Guzelian Jeffrey, Barwick Joyce L, Hunter Lawrence, Phang Tzu L, Quattrochi Linda C, Guzelian Philip S
Department of Medicine, University of Colorado, Boulder, Colorado 80262, USA.
Toxicol Sci. 2006 Dec;94(2):379-87. doi: 10.1093/toxsci/kfl116. Epub 2006 Sep 22.

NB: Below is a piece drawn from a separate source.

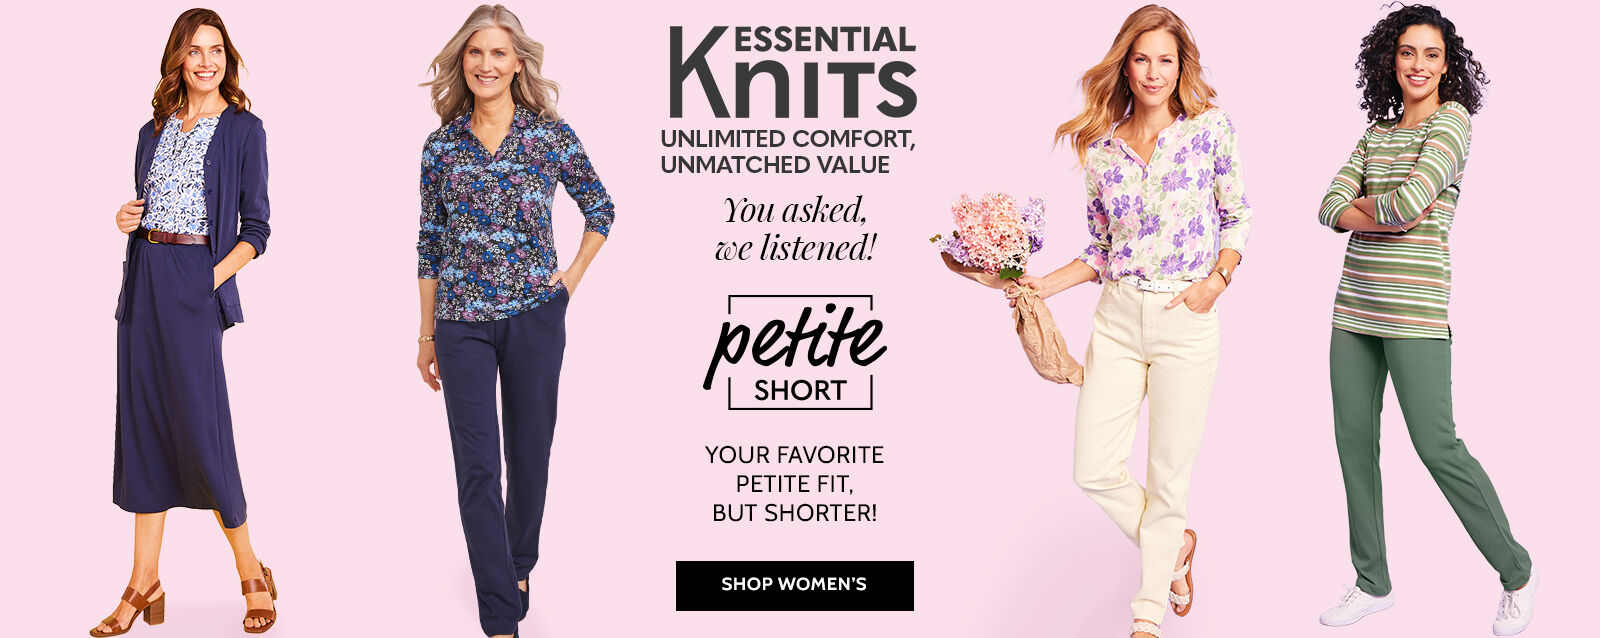 essential knits unlimited comfort, unmatched value petite short your favorite fit, but shorter shop women's

Mammalian liver contains a pregnane X receptor (PXR, NR1I2), which binds drugs and other xenobiotics, and stimulates (or suppresses) expression of numerous genes involved in the metabolic elimination of foreign compounds and some toxic endogenous substances. In the present study, we used microarray analysis to identify genes whose expression in rat liver was significantly altered by pregnenolone 16alpha-carbonitrile (PCN) treatment. PCN is a synthetic steroid that induces cytochrome P4503A expression and is hepatoprotective by increasing resistance to subsequent stressful insults. Significant induction was seen for 138 genes while expression of 82 genes was significantly repressed. We found induction of genes known to be induced by PCN, such as enzymes involved in drug metabolism and transport. In addition, many genes were differentially expressed whose functions concerned intracellular metabolism, transport of essential small molecules, cell cycle, and redox balance. Our results support the idea that the domain of PXR-controlled gene networks may be even more extensive than currently thought and may extend to functions apart from xenobiotic metabolism.
哺乳动物肝脏含有孕烷X受体(PXR,NR1I2),该受体可与药物及其他外源性物质结合,并刺激(或抑制)众多参与外源化合物和一些有毒内源性物质代谢消除的基因的表达。在本研究中,我们使用微阵列分析来鉴定其在大鼠肝脏中的表达因孕烯醇酮16α-腈(PCN)处理而发生显著改变的基因。PCN是一种合成类固醇,可诱导细胞色素P4503A的表达,并通过增加对后续应激性损伤的抵抗力而具有肝脏保护作用。138个基因出现显著诱导,而82个基因的表达被显著抑制。我们发现了已知可被PCN诱导的基因的诱导情况,例如参与药物代谢和转运的酶。此外,许多功能涉及细胞内代谢、必需小分子的转运、细胞周期和氧化还原平衡的基因存在差异表达。我们的结果支持这样一种观点,即PXR控制的基因网络的范围可能比目前认为的更为广泛,并且可能扩展到除异源物质代谢之外的功能。